▶ **GIVEN RECORDS**:
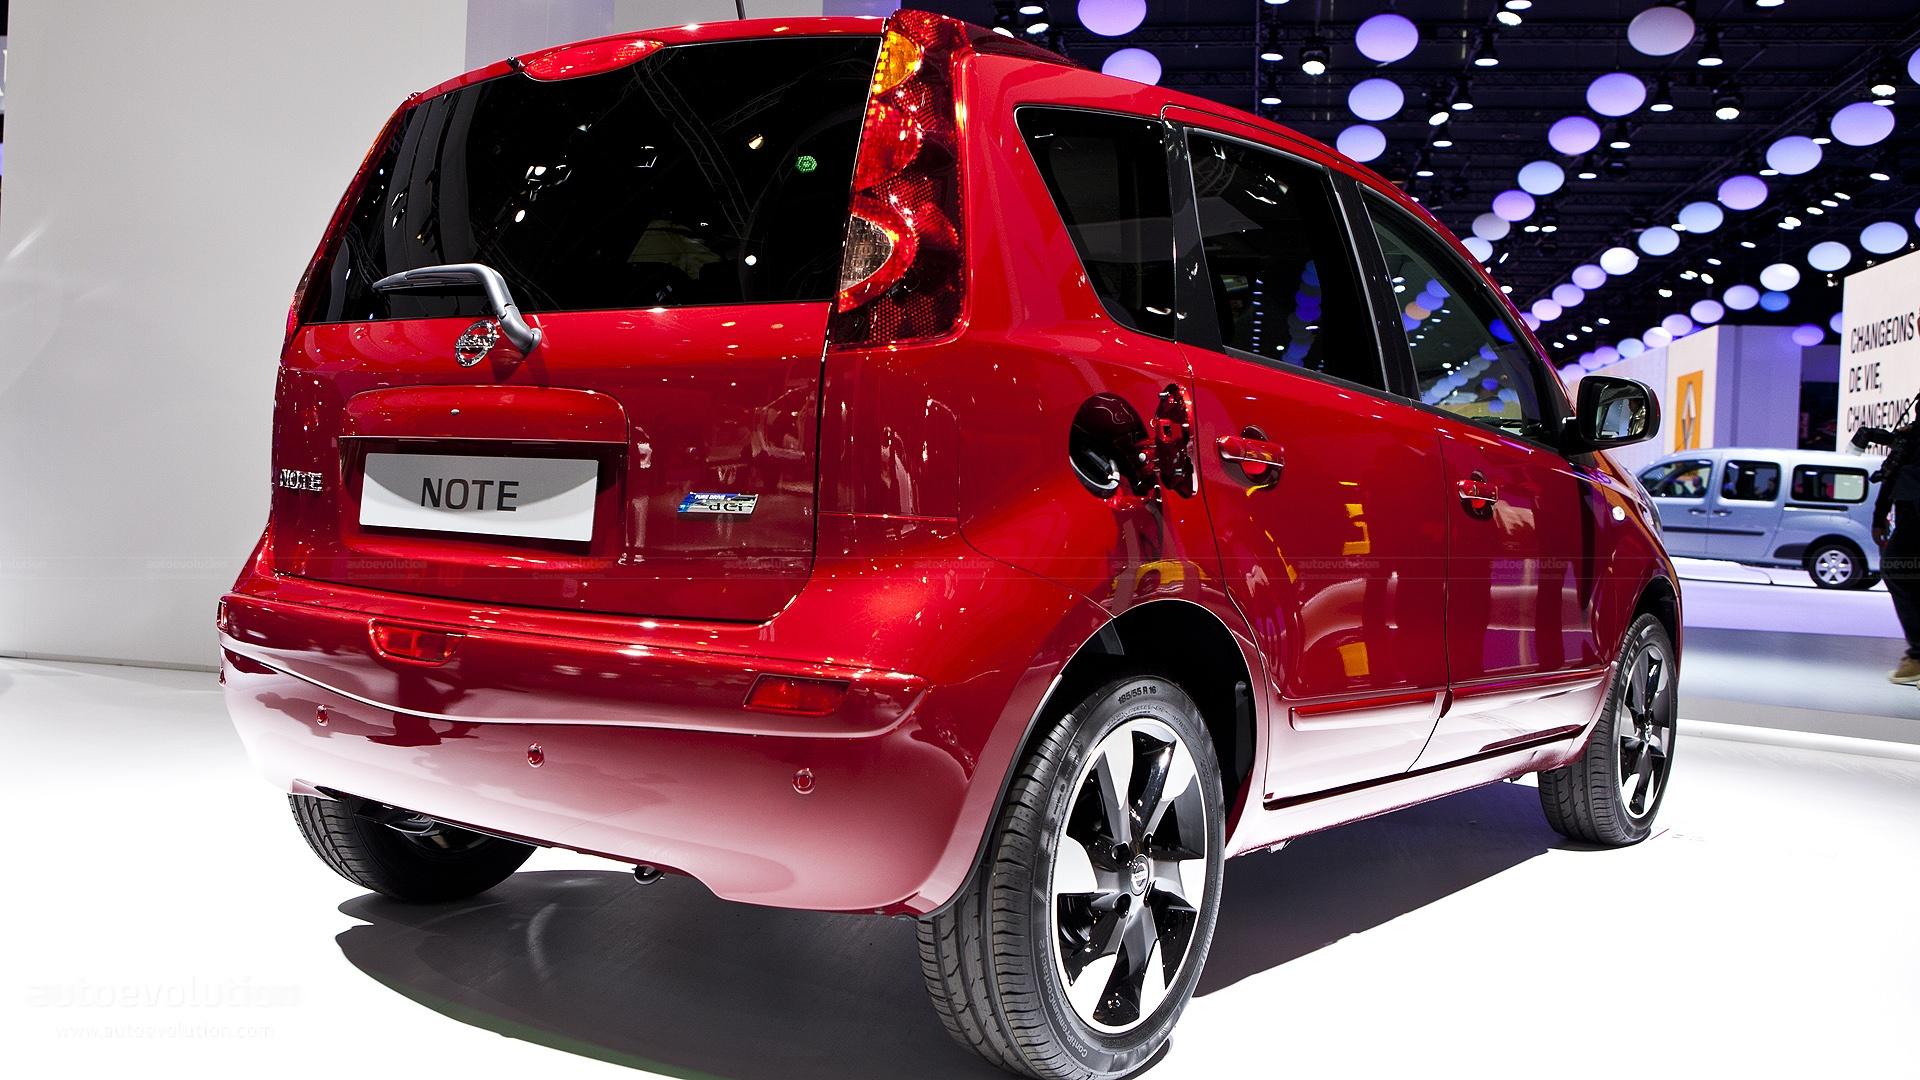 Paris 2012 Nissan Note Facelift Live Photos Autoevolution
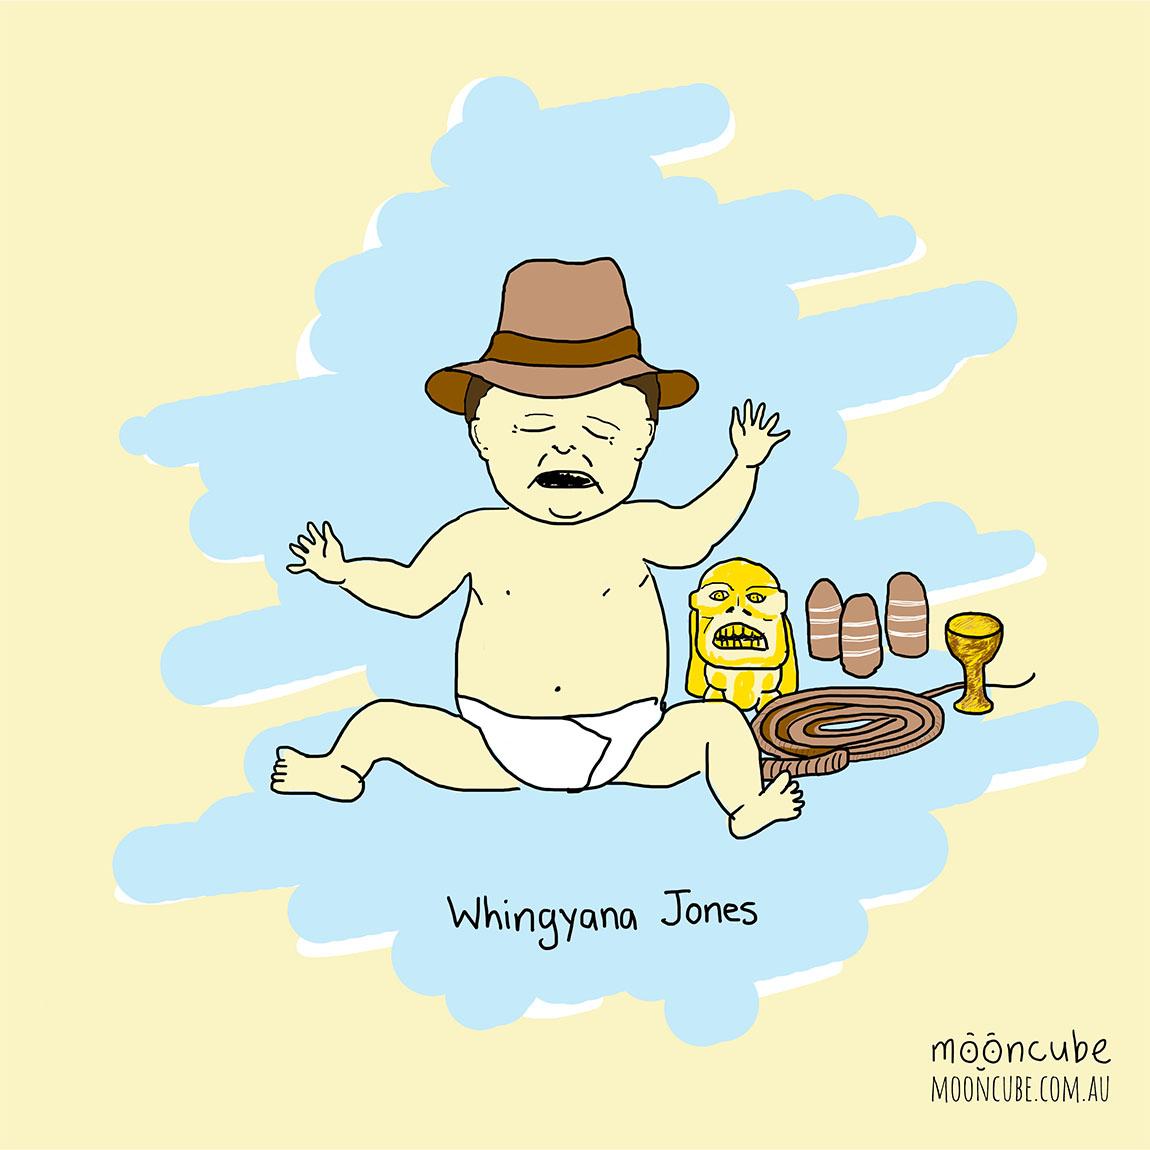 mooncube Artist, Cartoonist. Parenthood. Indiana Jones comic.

...

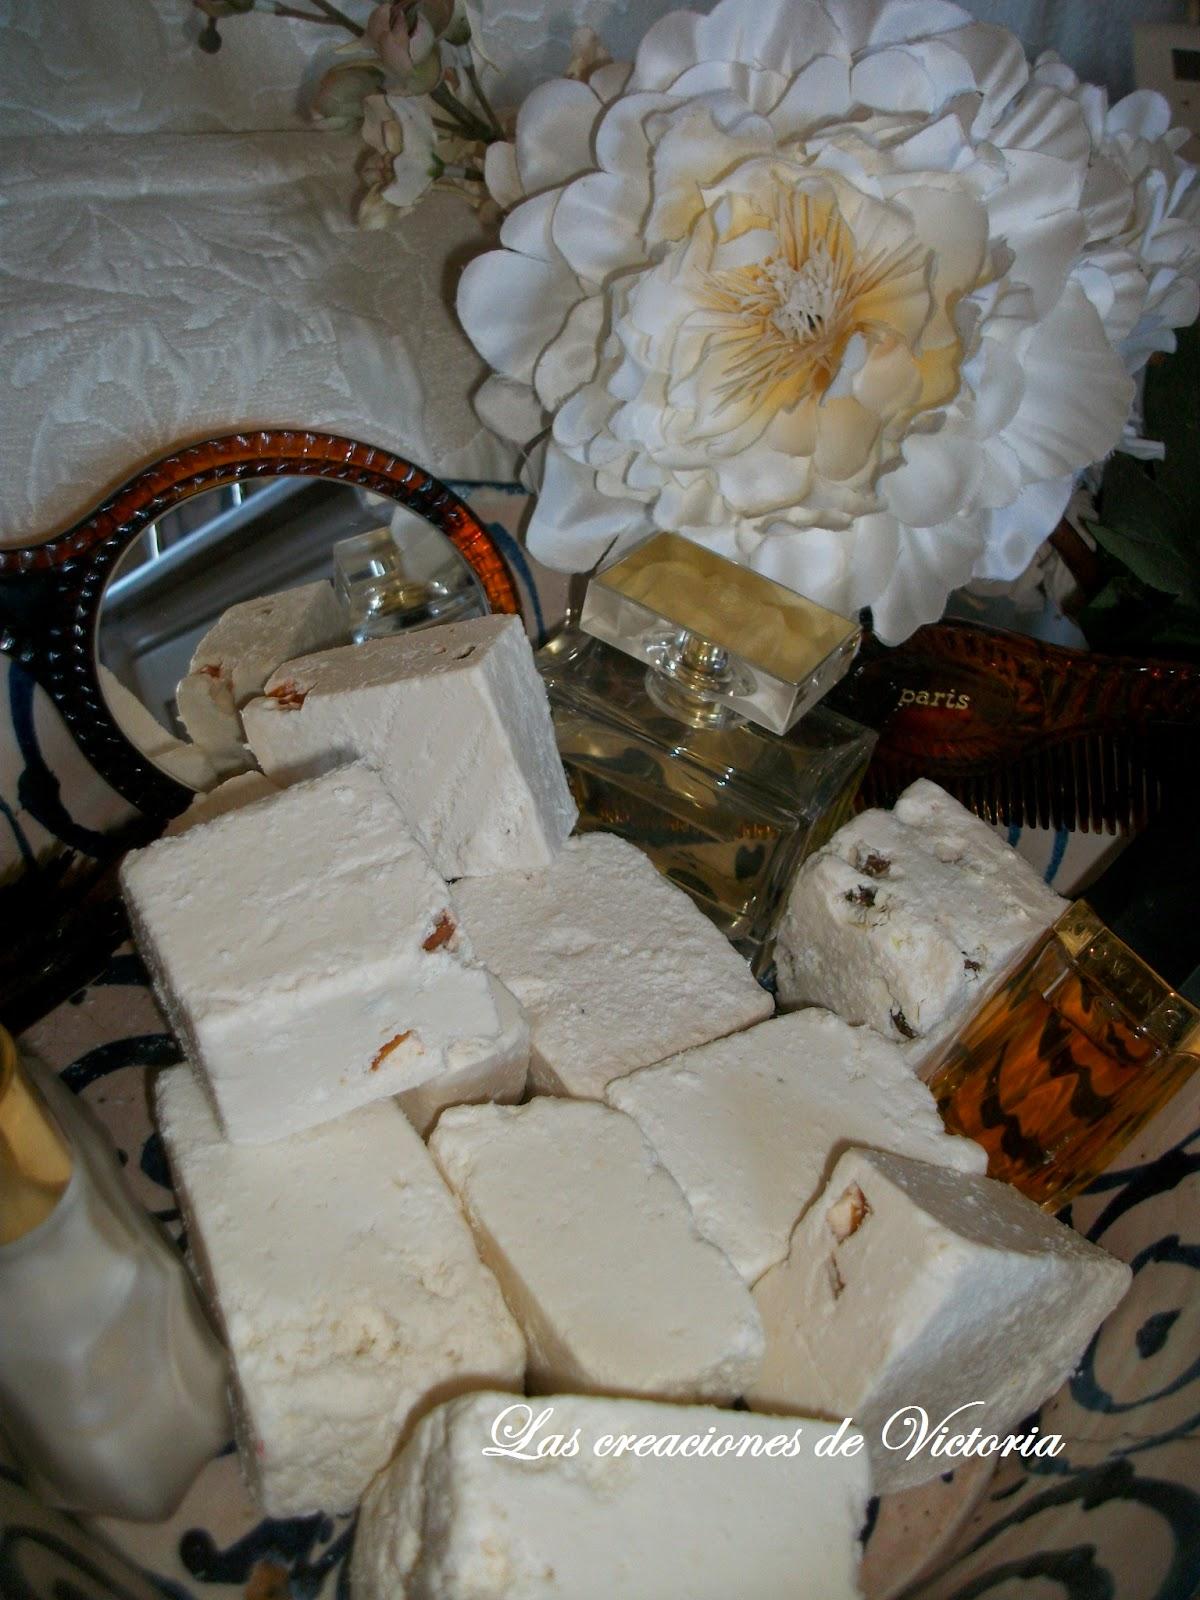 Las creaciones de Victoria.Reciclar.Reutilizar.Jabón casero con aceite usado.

▶ **WHAT YOU WILL DO**:
Everything above from the line that has "Paris 2012 Nissan" down to the line that has "mooncube Artist, Cartoonist." should be output exactly, with both of those lines included. Leave the pictures behind.

▶ **WRITTEN ANSWER**:
 Paris 2012 Nissan Note Facelift Live Photos Autoevolution
 mooncube Artist, Cartoonist. Parenthood. Indiana Jones comic.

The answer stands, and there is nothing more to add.